Karadeniz Technical University, Department of Chemistry 61080 Trabzon, Turkey.
Eur J Med Chem. 2010 Nov;45(11):4726-32. doi: 10.1016/j.ejmech.2010.07.018. Epub 2010 Aug 19.
Acetohydrazide derivative containing both antipyrine and triazole nuclei (5) was obtained starting from ethyl hydrazinecarboxylate derivative (2) and 4-aminoantipyrine (1) by three steps. The treatment of compound 5 with CS(2) afforded the conversion of hydrazide function into 5-mercapto-1,3,4-oxadiazole ring leading to the formation of 7. Then, 7 gave the product containing triazolotriazine moiety (9) by the reaction with hydrazine hydrate. The synthesis of the compounds incorporating the 1,3,4-thiadiazole (10a-c), 1,2,4-triazole (11a-c) or 1,3-thiazole (12, 13) nucleus as third heterocycle was performed by the acidic or basic treatment of compounds 6a-c which were obtained from the reaction of 5 with several isothiocyanates, or by the condensation of 6a with two different phenacyl bromides, respectively. The antimicrobial activity study revealed that all the compounds showed good activities except 3-5.

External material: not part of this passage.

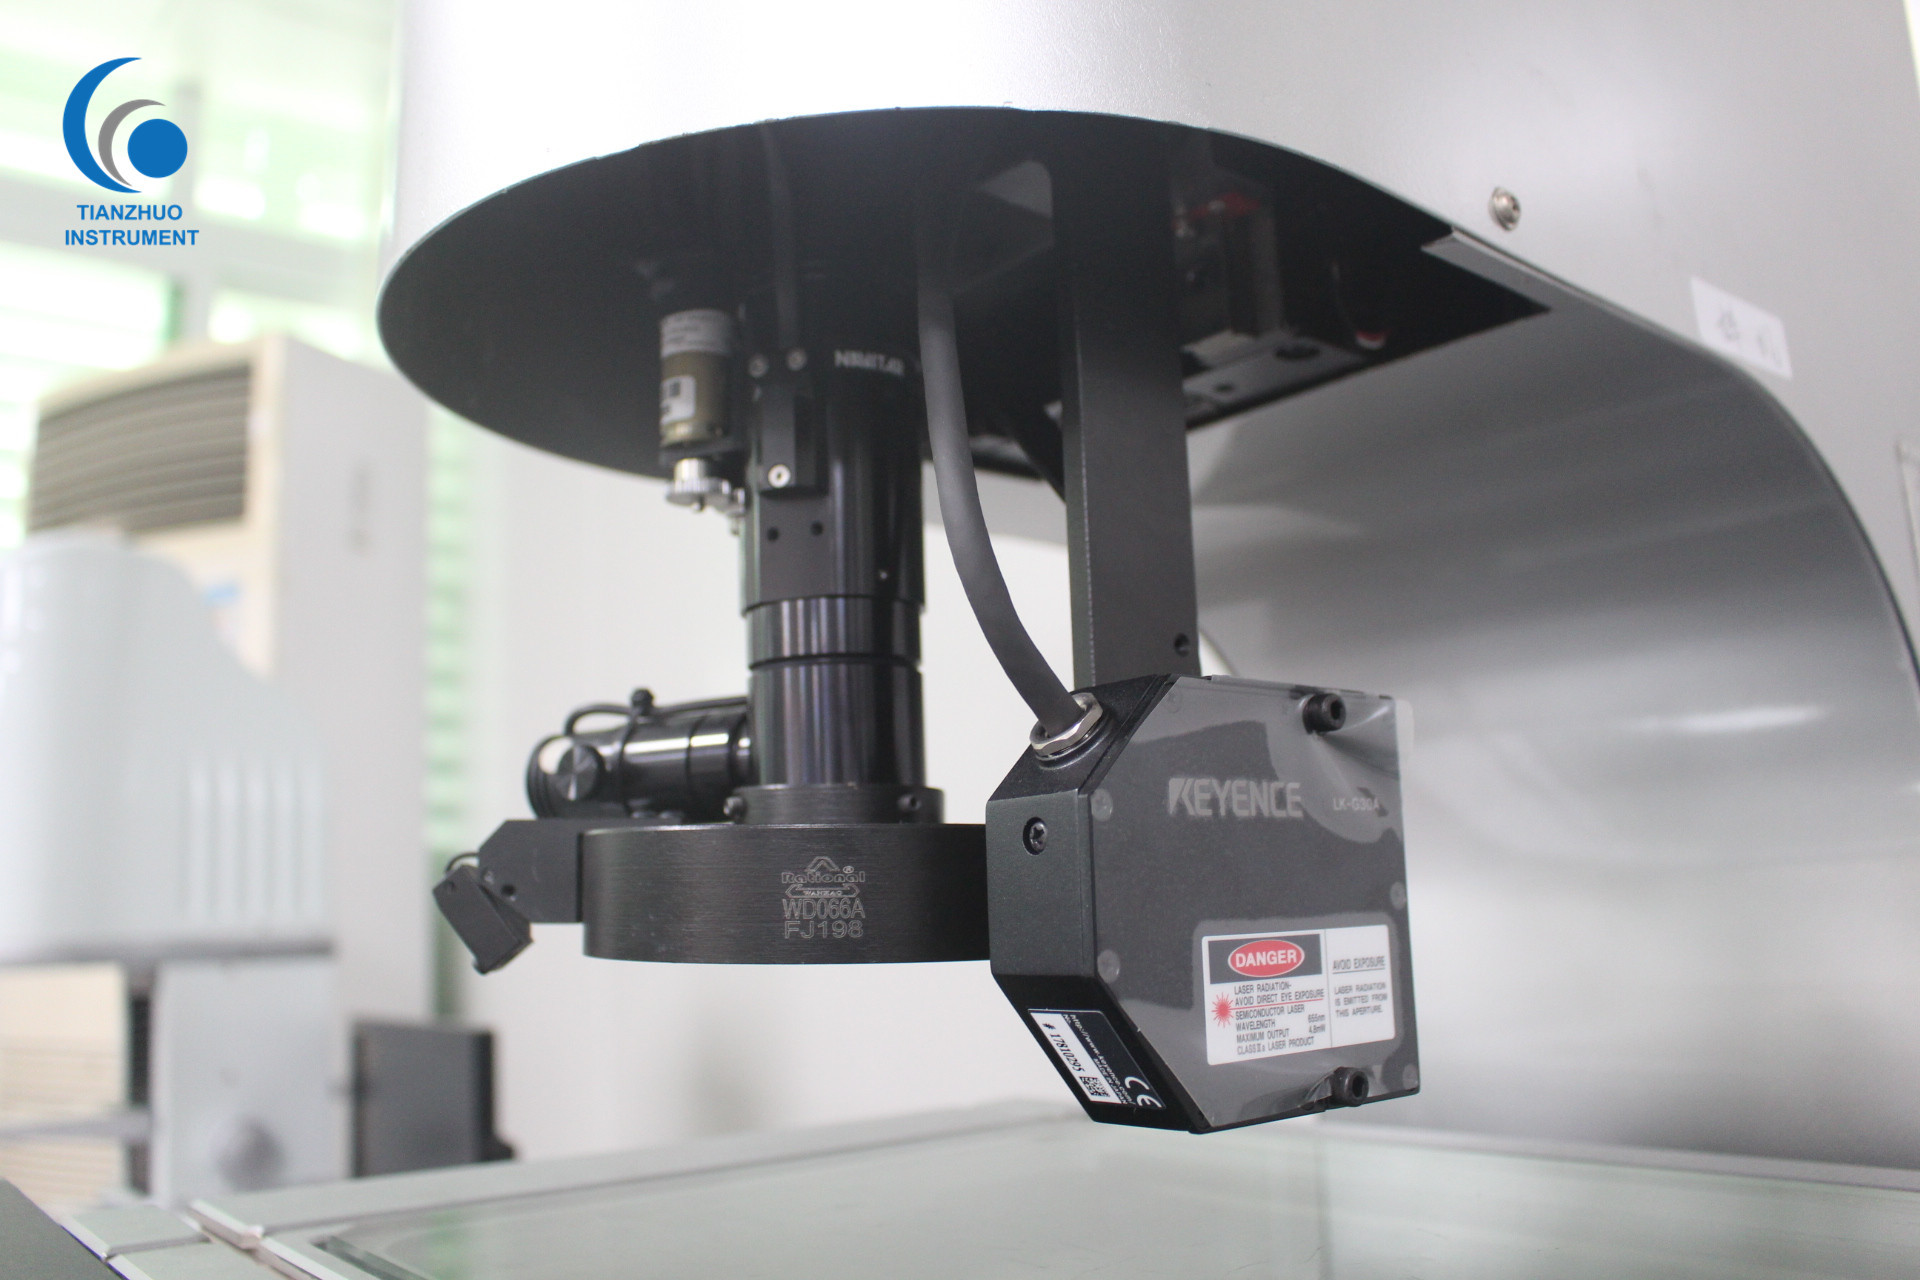 Programmable CNC Video Measuring System Easy To Operate For Sophisticated Workpieces

从乙基肼羧酸酯衍生物(2)和 4-氨基安替比林(1)出发,经过三步反应得到含有嘧啶和三唑核的乙酰肼衍生物(5)。化合物 5 与 CS(2)的处理将酰肼功能转化为 5-巯基-1,3,4-恶二唑环,导致 7 的形成。然后,7 与水合肼反应生成含有三唑并三嗪部分的产物(9)。通过对 5 与几种异硫氰酸酯反应得到的化合物 6a-c 的酸性或碱性处理,或者通过 6a 与两种不同的苯甲酰溴的缩合,分别合成了含有 1,3,4-噻二唑(10a-c)、1,2,4-三唑(11a-c)或 1,3-噻唑(12、13)核的化合物。抗菌活性研究表明,除 3-5 外,所有化合物均表现出良好的活性。